セキュリティ的に意味なし “旧ノーマル”な職場にはびこる習慣、その名も「PPAP」を知っていますか:半径300メートルのIT(2/2 ページ)
テレワークやクラウド化が進む昨今、職場や生活の“ニューノーマル”として、今までのIT運用や習慣を見直す動きが出てきています。そこで今回、職場の“セキュリティ対策”とされている習慣のうち「実はそれ、セキュリティ的に意味がないんです。いらないんです」と言いたいものを2つご紹介しましょう。皆さんも、実はよく知っているかも――?
この際捨てるべし! 〜2つ目〜 みんな知ってる「PPAP」を何とかしよう
次は「PPAP」です。ここでいうPPAPとは、ピコ太郎さんがミームとして全世界に広げた“ペンパイナッポーアッポーペン”ではありません。PPAPとは、日本情報経済社会推進協会(JIPDEC)の大泰司章氏が取り上げたプロトコルで、皆さんが職場で身近に感じていて、「アレ、本当に効果あるの?」と思っているITしぐさです。
職場から今すぐなくしたい「PPAP」とはすなわち、
- P:パスワード付きZIP暗号化ファイルを送ります
- P:パスワードを送ります
- A:暗号化
- P:プロトコル
というもの。さて皆さん、心当たりはありましたか。普段職場でメールをやりとりしていると、「PPAP」方式で添付ファイルが送られてくるケースがいまだにあると思います。
一見、このやり方は非常に手軽に実現できる“セキュリティしぐさ”のようでしょう。しかし、実はセキュリティ面でリスクをはらむだけでなく、非効率な部分もあるのです。
例えば、添付ファイルにパスワードがかかっていると、職場で運用されているマルウェアフィルターをすり抜けてしまいます。また、攻撃者がターゲットにした企業のメールを盗聴していた場合、添付ファイルの付いた1通目、パスワードを記した2通目の両方が見られている可能性が高く、そもそも秘匿効果は薄いとされています。また、このメールを「iOS」などで動くiPhoneやiPadで受信すると、ZIPファイルを開くのに一苦労しますよね。その点でもこの仕組みはちょっと何とかできないかなあ、と思うわけです。

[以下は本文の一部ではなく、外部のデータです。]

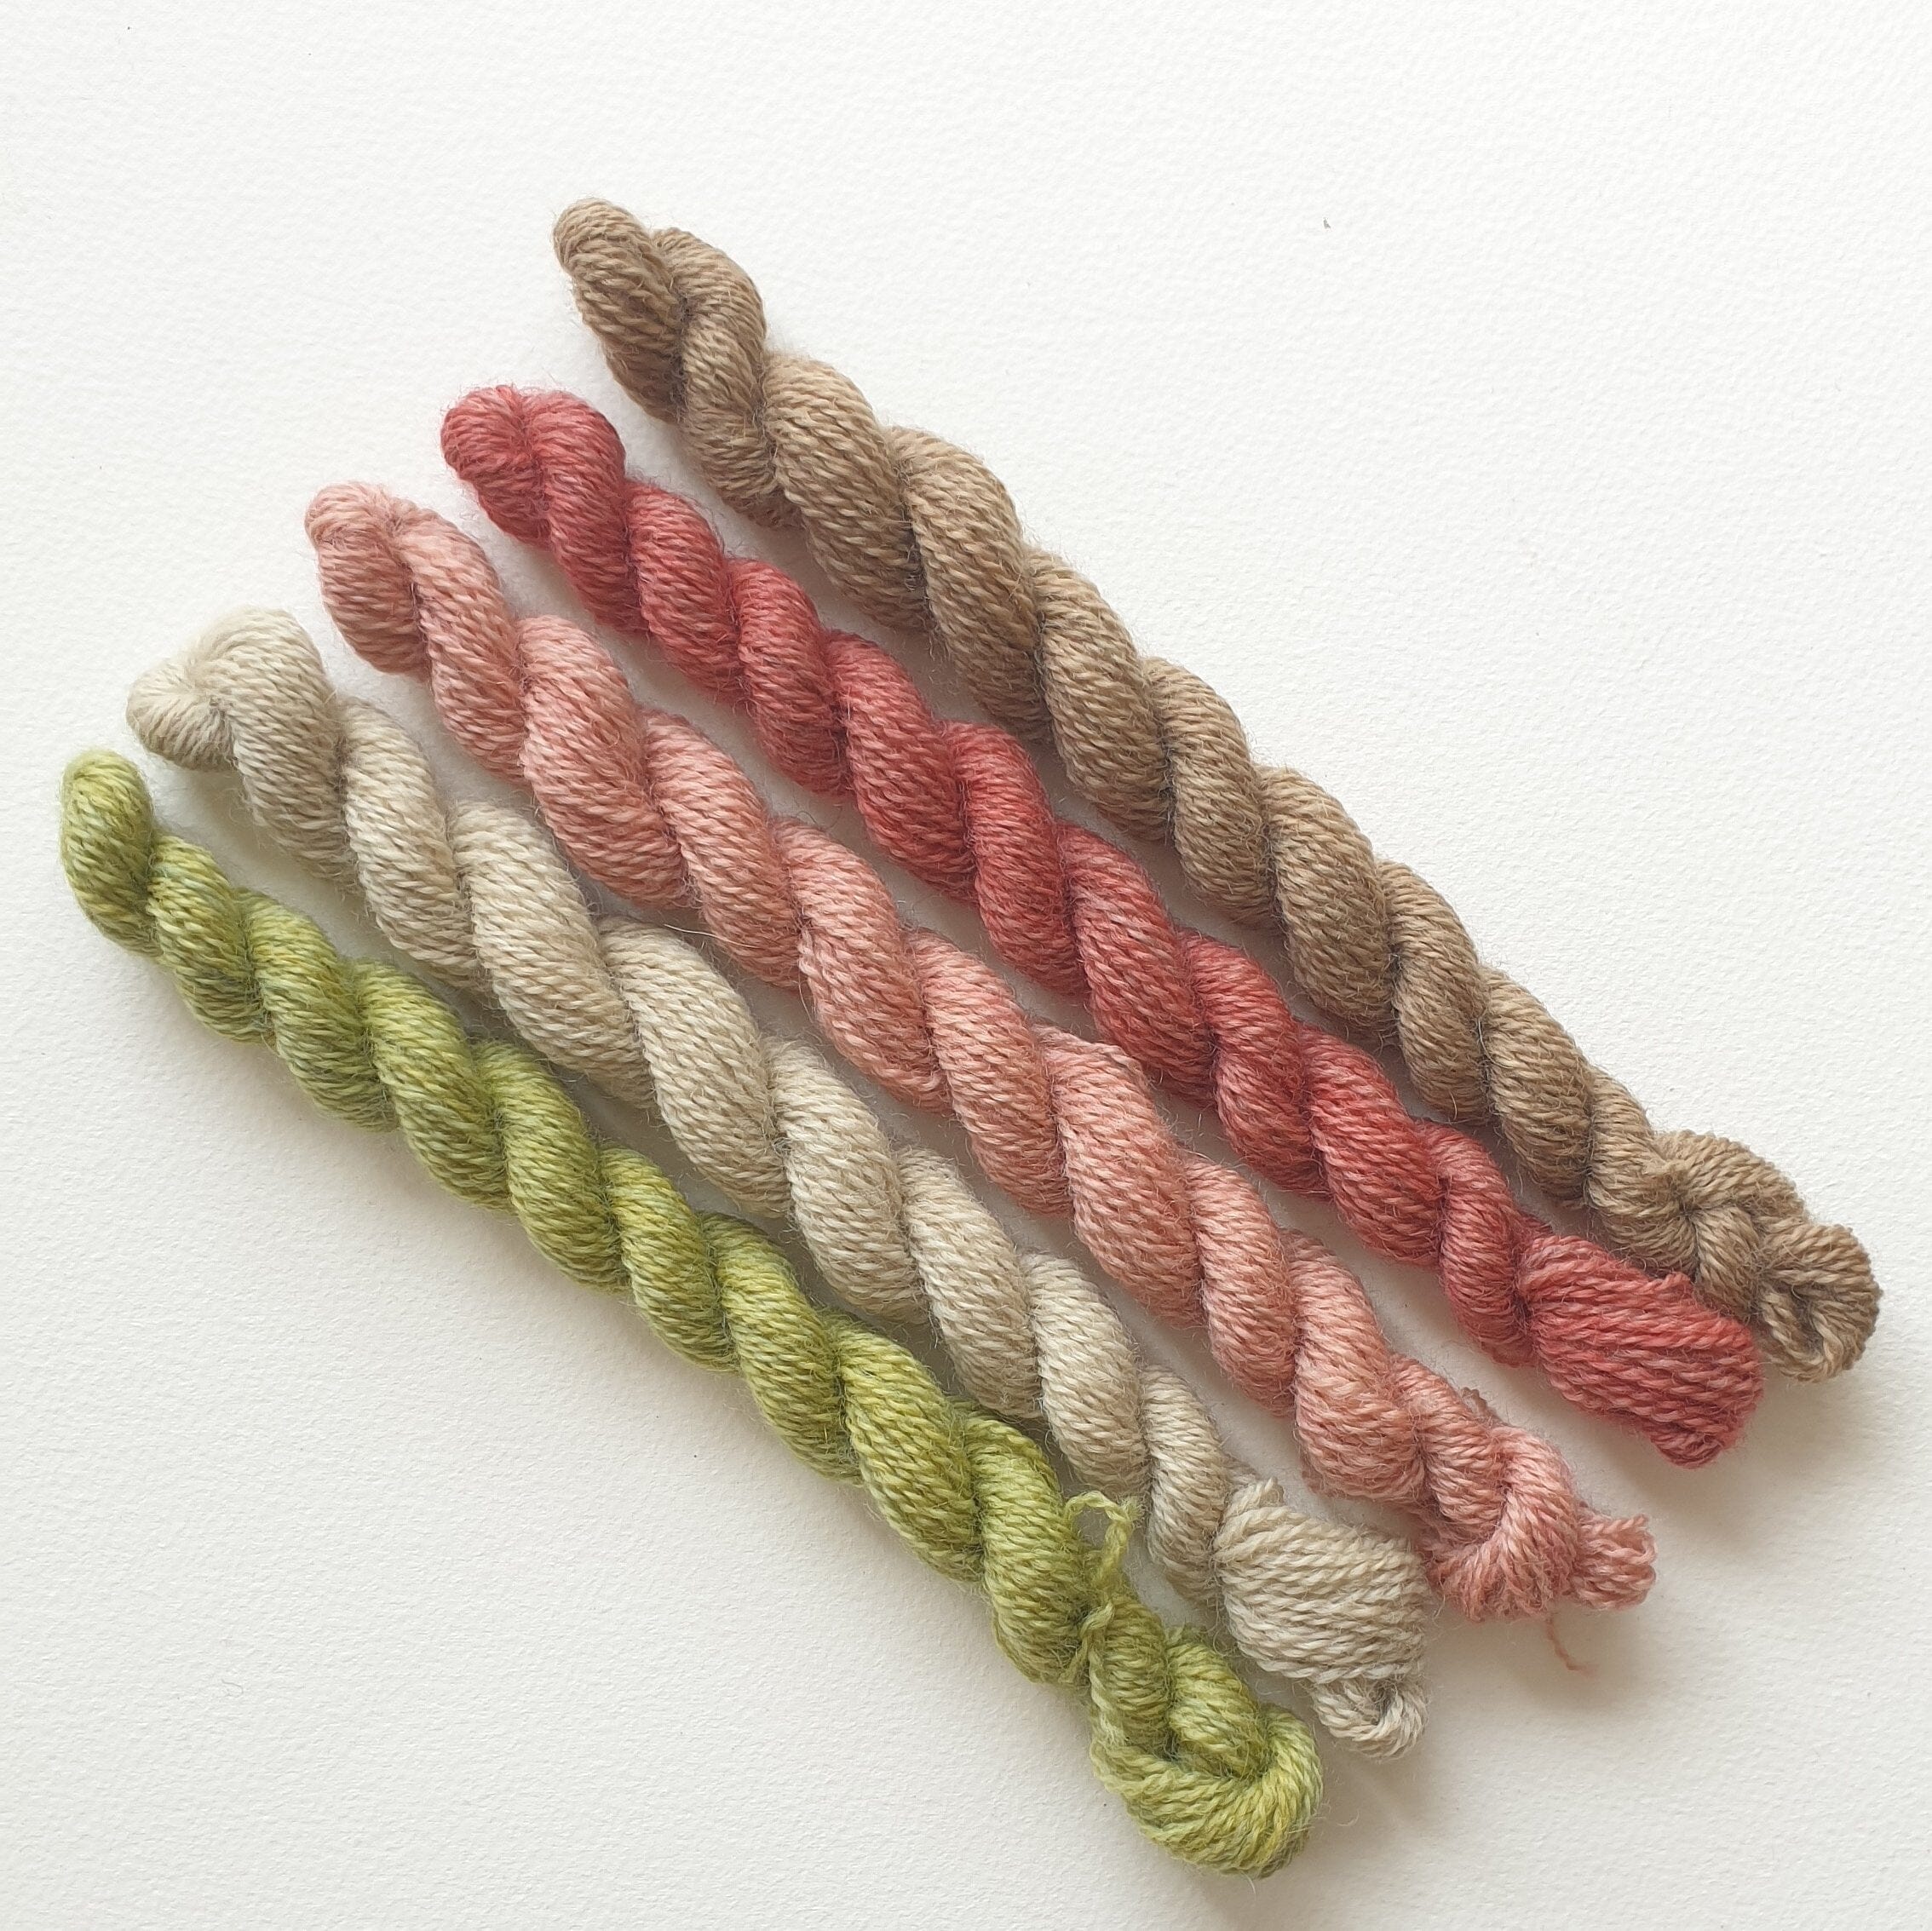 Finn Wool Embroidery Thread Set - Valleymaker Weaving Kits Valleymaker Rose Garden

ではなぜ、「PPAP」はなくならないのでしょうか。恐らく、多くの組織では運用ポリシーで推奨されているからではないでしょうか。また、企業のセキュリティを評価する指標に採用されている場合もあるようです。誰が始めたかは分かりませんが「それをやれと言われたから、皆が疑問を差し挟まずに従ってしまう」――PPAPがはびこるのは理由はその程度のはずです。中には、添付ファイルをメールに付けて送信すると自動で暗号化し、パスワードを別送する“PPAP自動化”の仕組みを採用している企業もあるはずです。
PPAPだけではありません。職場にいつの間にか浸透し、誰も疑問に思わないけれど、実は無意味に近い施策――。これこそ、今のタイミングでしか捨てられないものなのではないでしょうか。
どうすれば、職場から“PPAP”をなくせるのか?
では、PPAPを本気でなくしたい場合はどうすべきでしょうか。今のタイミングでメールやファイル保護のシステムを新たに内製する方法は、さすがに現実的ではありません。最も効率的なやり方は、クラウドサービスを使う方法でしょう。電子決裁システムとしてグループウェアを利用できるでしょうし、PPAPに関してはオンラインストレージをフル活用することが解決策になり得るはずです。
そもそも、職場にPPAPが導入された理由の一つは、メールの誤送信対策のはずです。つまり、パスワード付きのファイルを本来送ってはいけない相手に誤って送ってしまっても、2通目のパスワードを誤送信しなければ情報漏えいとはならない……はずです(弱いパスワードであればそうはならないでしょうが)。
クラウドストレージを使った誤送信対策は簡単です。まず、これまでメールに添付していたファイルをクラウドストレージにアップロードします。その上で共有権限を設定し、リンクをメールで適切な相手に送信するのです。万が一間違った送信先にメールを送ったとしても、共有権限をオフにすることで閲覧できなくなります。もっと手軽に送信したい、クラウドストレージ契約するにも時間がかかるというならば、以前の連載記事で紹介した「Firefox Send」を活用するのもいいでしょう。少なくとも、PPAPよりは細かいコントロールが可能になると思います。
セキュリティに精通した読者には「まだこんなことをやっているの?」と言われそうですが、実はPPAPは情報処理学会の「情報処理 7月号」でも特集が組まれるほどの話題になっています。みなさんもこの際、現場から「ハンコやPPAP、何とかしませんか?」という声を上げてみてはいかがでしょうか。時間はかかるかもしれませんが、いまこそ“検討の”“準備の”第一歩を踏み出すときです。